I don’t know what’s guiding this. I suspect it’s publishers wanting to generate more crossover appeal, though I suppose it could be a genuine interest in exploring typographic potential, but whatever it is, I LOVE IT.

So this is my plea to cover designers, publishers, and the people who make the big decisions: be daring! I’m not saying to get rid of the dead girls/girls in dresses, I’m just saying I’d LOVE to see this kind of thing continue!!

ETA: Megan Crewe showed me THIS LINK to an awesome list on GR!


  1. Heather Ponzer says:

    Covers are so important. My biggest pet peeve is using real people on covers. I hate, hate, hate it.

    • veschwab says:

      Do you mean photographs as opposed to illustrations, or recognizable people? Alas, covers are INCREDIBLY important, and authors have little to no say in them. Nature of the game. And I do think a photographic cover with static type can still be lovely and successful, there’s just a special place in my heart reserved for typographically active ones 🙂

      • Heather Ponzer says:

        I mean close-ups using real people or even too realistic drawings too. It just feels like someone’s infringing on my creative rights as a reader. (Cause they’re my characters, obviously)

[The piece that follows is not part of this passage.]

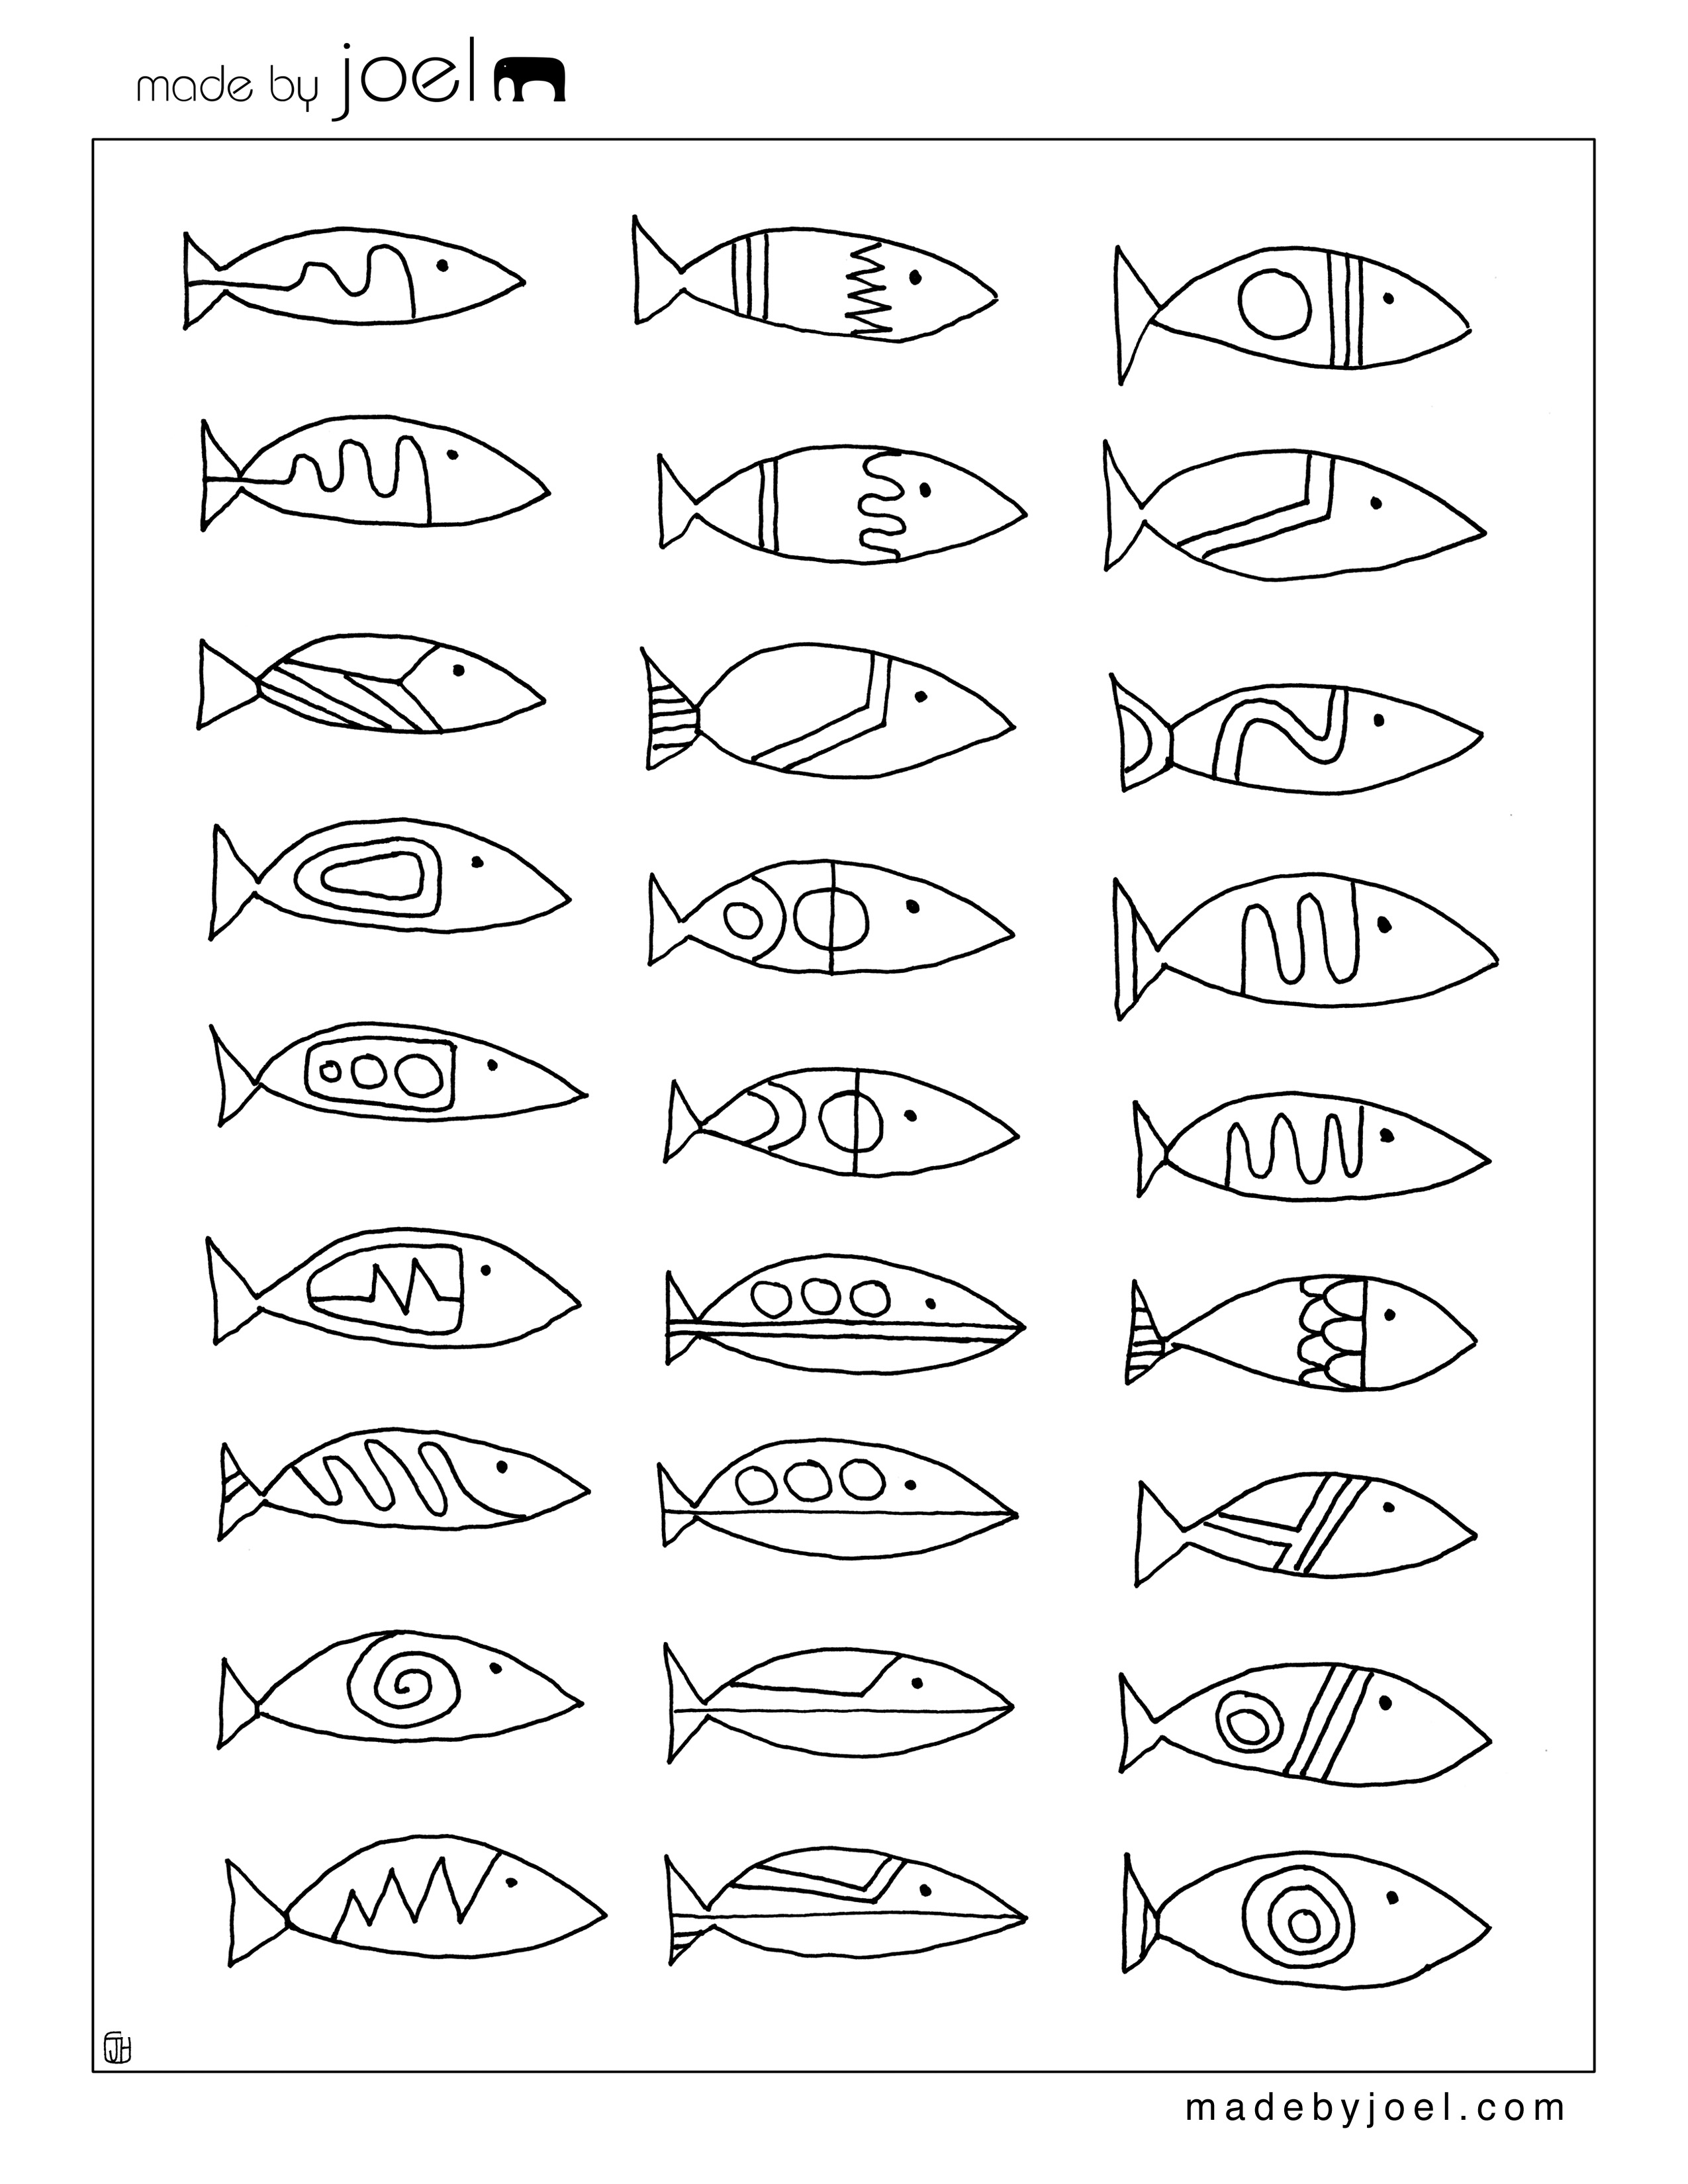 Made By Joel Made By Joel Modern Fish Designs Coloring Sheet Free Printable Template
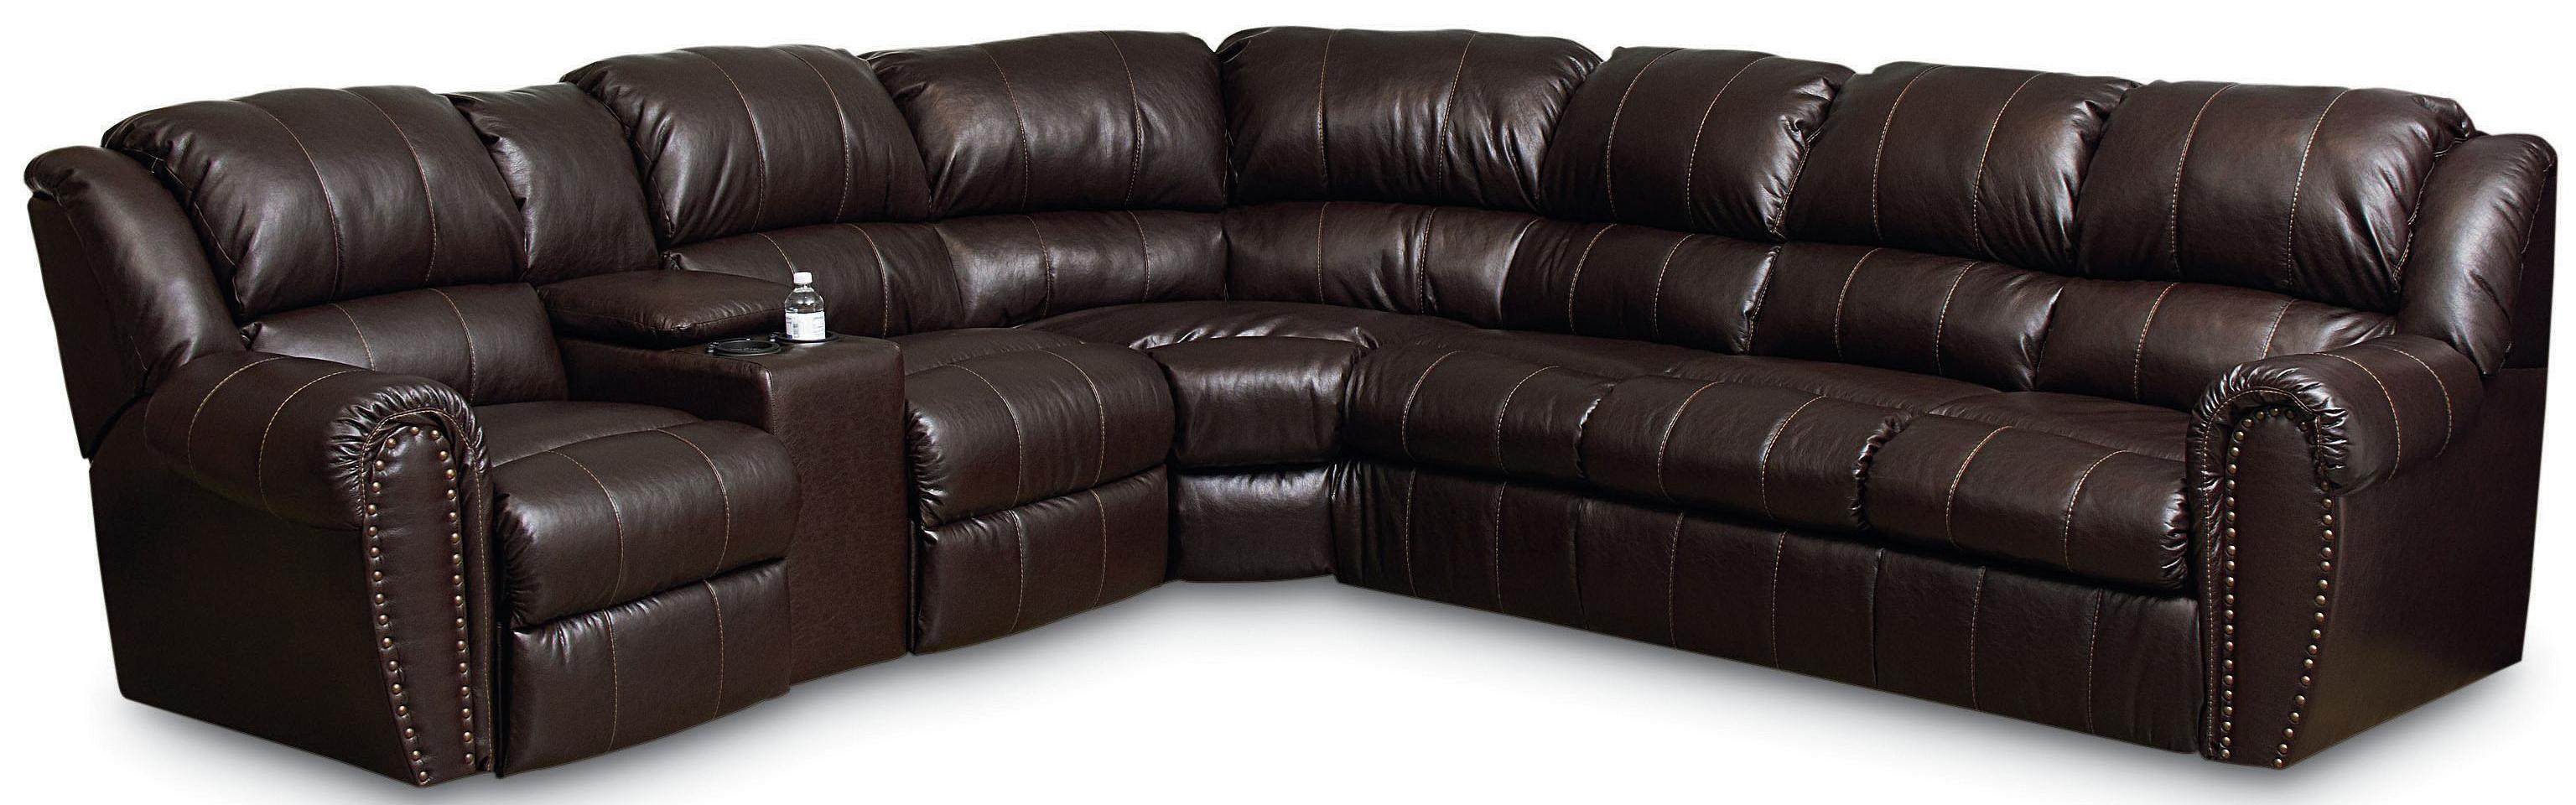 Genial Lane SummerlinSectional Sofa ...

        Those covers are very cool. I can’t believe authors have so little say! That is insane to me.

  2. Katie says:

    That Cover Girl has a special place in her heart for Sad Girls in Pretty Dresses; ie, they’re awful and overused. I’m a big fan of typography based covers, especially ones that are done extremely well.

  3. Lori says:

    I like typography covers! The original Delirum cover was so great. Now I don’t like the new one as much. =\ I think it would be great to see more of this in YA. Typography really leaves more to the imagination but it’s still eye catching (like The Way We Fall <3).

  4. Tracking YA cover design trends is amusing. “Pink is the new purple.” “We just did an entire display of covers with a single giant eye staring out at the viewer.” &c.

    Many librarians are typography geeks, too. 😀

  5. Jade says:

    It’s not a recent cover, but the Australian version of Liar by Justine Larbalestier has always been one of my absolute favourites.